|Need some advice on monetizing my Flash games website|
| 8:38 pm on Feb 18, 2006 (gmt 0)|
I have a website with my own flash games (currently 3, but I'm working on more). I'm getting about $350 to $500 for direct sponsorship of my games, which is nice.
The website is only about a month old, but my traffic is slowly increasing - at the start of the month, I was getting 200 unique visitors a day, now it's about 600 to 1000. Which isn't a lot yet, but my goal was 2000 a day in 6 months, and if it keeps going like this, I could achieve this goal in another few weeks.

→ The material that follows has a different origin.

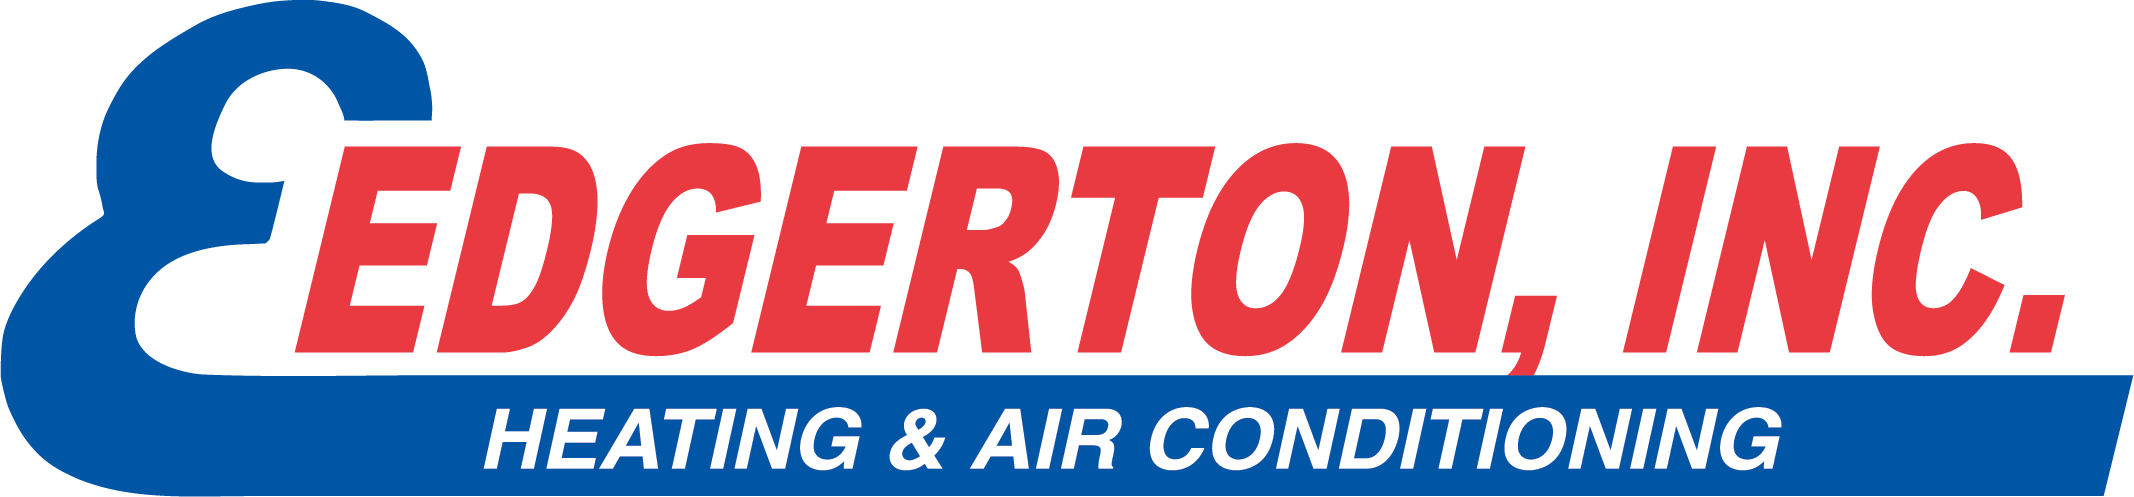 Edgerton, Inc logo

But my advertising is making me nothing. I'm using adbrite and contextclick, but they're not working for me. I can't use Adsense, because I was suspended a while ago with another website (I guess it was partly my fault, even though I feel it isn't justified), and they don't give you a second chance. I can't use Yahoo Publisher Network either, because even though 80% of my traffic is from the USA, I myself live in Europe. I know there aren't any alternatives that make nearly as much as Adsense, but maybe some affiliate programs would work well for me... Any recommendations on programs I should try, and how I could achieve good results?
Any advice is appreciated.
| 6:34 am on Feb 20, 2006 (gmt 0)|
Read this thread
| 10:34 am on Feb 20, 2006 (gmt 0)|
Thanks, but that thread doesn't really give me any new information :)
It does mention adbrite seems to be popular for game sites, which is strange because it's not really working for me. The ads don't seem very relevant in my case.
I signed up with amazon associates program, and underneath each game, I now have a list of related ps2-games ("You might also like these games:").
Is this a good idea? Will it bother people because they might be expecting other flash-games on my site, and they end up on amazon?
| 2:04 pm on Feb 20, 2006 (gmt 0)|
Putting up affiliate links is usually more work than using adsense, but there's no reason not to try it. A couple of comments on the amazon links:
-- Word your "invitation" so that it's obvious the link leads to amazon rather than another game on your site (amazon likes you to do this, too). Since you do have links leading to other games on your site, make it easy for someone to tell the difference between the two kinds of links.
--Don't stop with related games. Get creative in thinking of other kinds of items your specific audience might be interested in buying. Just one example is that amazon has a number of DVDs available in the "UMD mini for PSP" format, which seems to be a hot thing right now (although I might be behind the times on that). amazon has a mind-staggering number of things available, in categories most people wouldn't even know they carried. Take a look through them with your audience in mind. And, no, I don't work for amazon, but I do go on regular "hunting trips" to find unusual things my site visitors might be interested in - and some of them sell pretty well, too (okay, I'll admit that some of them don't). Definitely works best with a niche-related site, so you can target your audience.
| 2:31 pm on Feb 23, 2006 (gmt 0)|
Thanks for your advice, it really helps.
Would a forum be a good idea to make the site a bit more sticky? Would people even want to post on the forum of a site that only has 3 games (more games coming soon)? :)
My other site has twice as much visitors and a lot of forum activity, but that is because that site has always been very community oriented. My games site isn't, it's about the games... So I have my doubts whether I should try it.